Among these post-treatments, the thermal annealing post-treatment is rarely used due to the deterioration of the device under high temperature.²⁰ The effect of increasing stress is obvious; therefore, ultraviolet irradiation post-treatment has been introduced in some recent NMOS technologies.^21,22 However, additional expensive equipment is required and the production capacity currently operates at a relatively low level. Unlike thermal annealing and ultraviolet irradiation, plasma treatment has been applied to increase the tensile stress of silicon nitride film in NMOS technologies since it can be performed at low temperature with no additional equipment required.²³ However, there is a limited increase in tensile stress following plasma treatment owing to the limited penetration depth (1–3 nm); therefore, a multilayer silicon nitride film with high tensile stress was constructed and analyzed. For example, Morin et al. report that the stress of SiN_x:H films can reach 1200 MPa through the construction of a multilayer structure that consists of 100 deposited and plasma-treated layers.²⁴ Meanwhile, they demonstrate a clear correlation between stress enhancement and the formation of Si–N bonds.²⁵ These studies are concentrated on exploring the influences of nitrogen plasma bombardment on film stress.^17,24 Technological advancements have resulted in improved film stress by bombarding the film surface with various types of plasmas. There are insufficient investigations into the mechanism of stress resulting from different plasma treatments on films, particularly multi-layer silicon nitride films.

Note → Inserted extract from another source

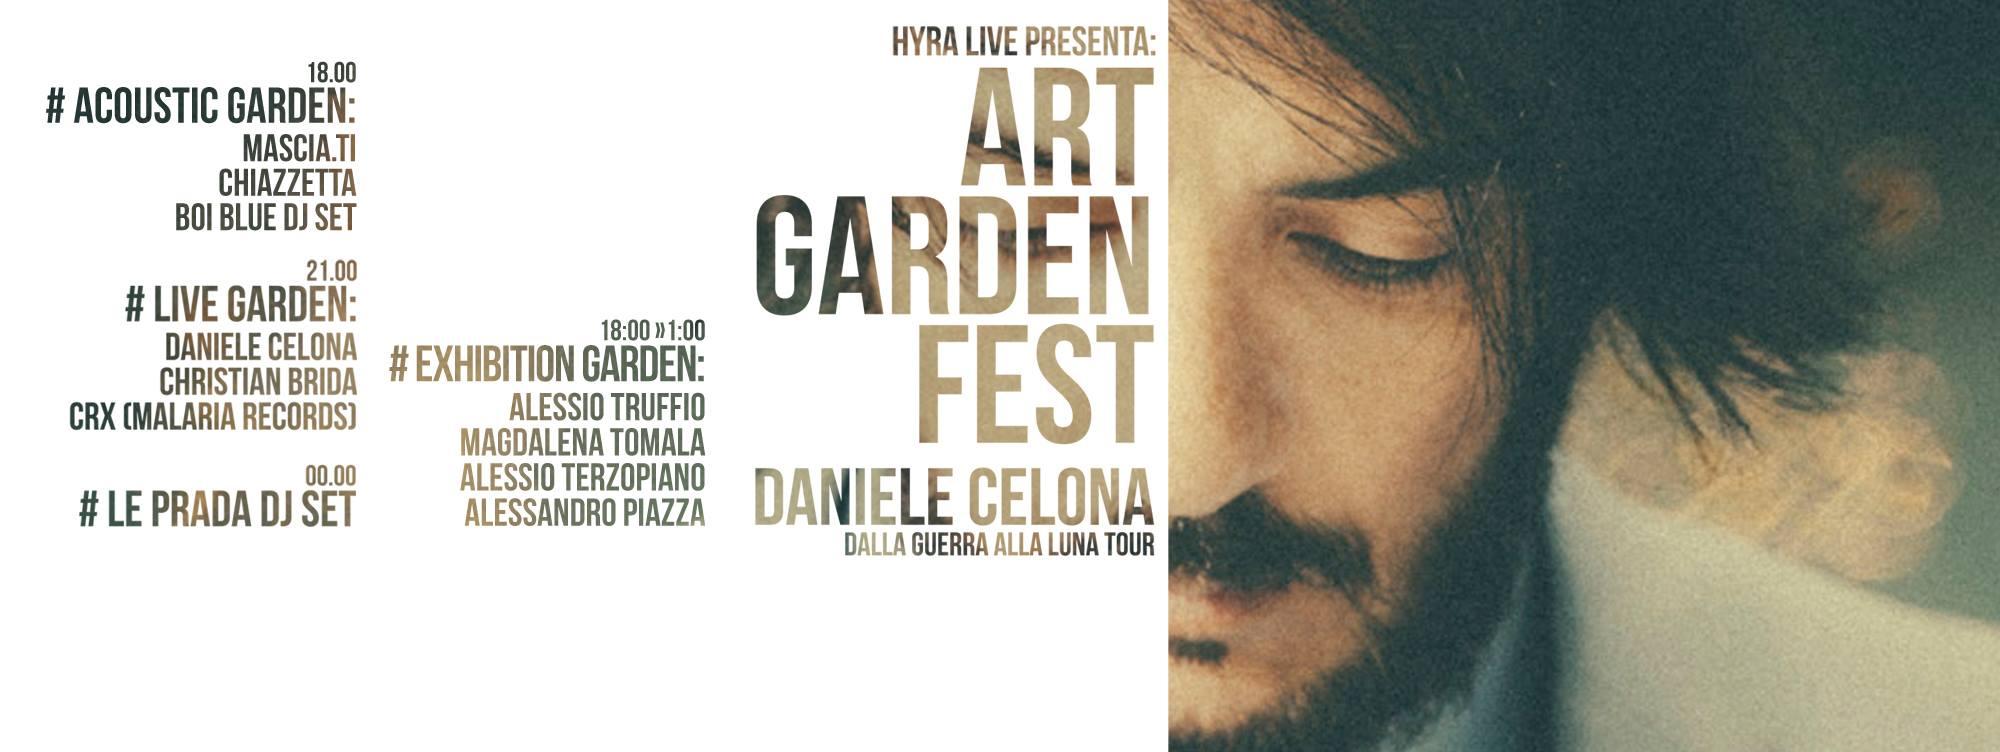 art_garden

In the PECVD process, three types of plasmas (He, Ar, and N₂) are commonly employed. Among these, He and Ar typically do not directly participate in chemical reactions; therefore, their ion kinetic energy serves as a critical performance metric. The ion kinetic energy is positively correlated with the potential difference of the sheath layer (ΔV_s), which is jointly determined by the self-bias voltage and the radio frequency voltage. For He plasma, the ion kinetic energy is constrained by its high ionization energy (24.59 eV) and low molar mass (4 g mol⁻¹). The high ionization energy restricts the efficiency of electron collisional ionization, leading to a relatively low electron density. Meanwhile, the low molar mass drives rapid plasma expansion, which further enhances the spatial non-uniformity of the electron density distribution. According to the Debye shielding theory, this reduced electron density increases the Debye length, weakening space-charge separation in the sheath region and suppressing ΔV_s development.^26–28 Consequently, the limited potential gradient produces weak ion acceleration fields, yielding low ion kinetic energies. Compared with He, Ar exhibits a lower ionization energy (15.76 eV) and a higher atomic mass.²⁹ Therefore, the ΔV_s in Ar is larger, resulting in higher ion kinetic energies. Unlike He and Ar, N plasma actively participates in chemical reactions. The ionization energy of N₂ is similar to that of Ar, while the ion kinetic energy falls within an intermediate range between He and Ar.^30,31 During the bombardment process, the chemical reactions occurring on the film surface are significantly affected by the ionic characteristics of the plasma species involved, leading to variations in properties such as film stress. Further investigation into the relevant theoretical research is required to offer systematic theoretical guidance for the development and practical application of high-tensile-strength silicon nitride films.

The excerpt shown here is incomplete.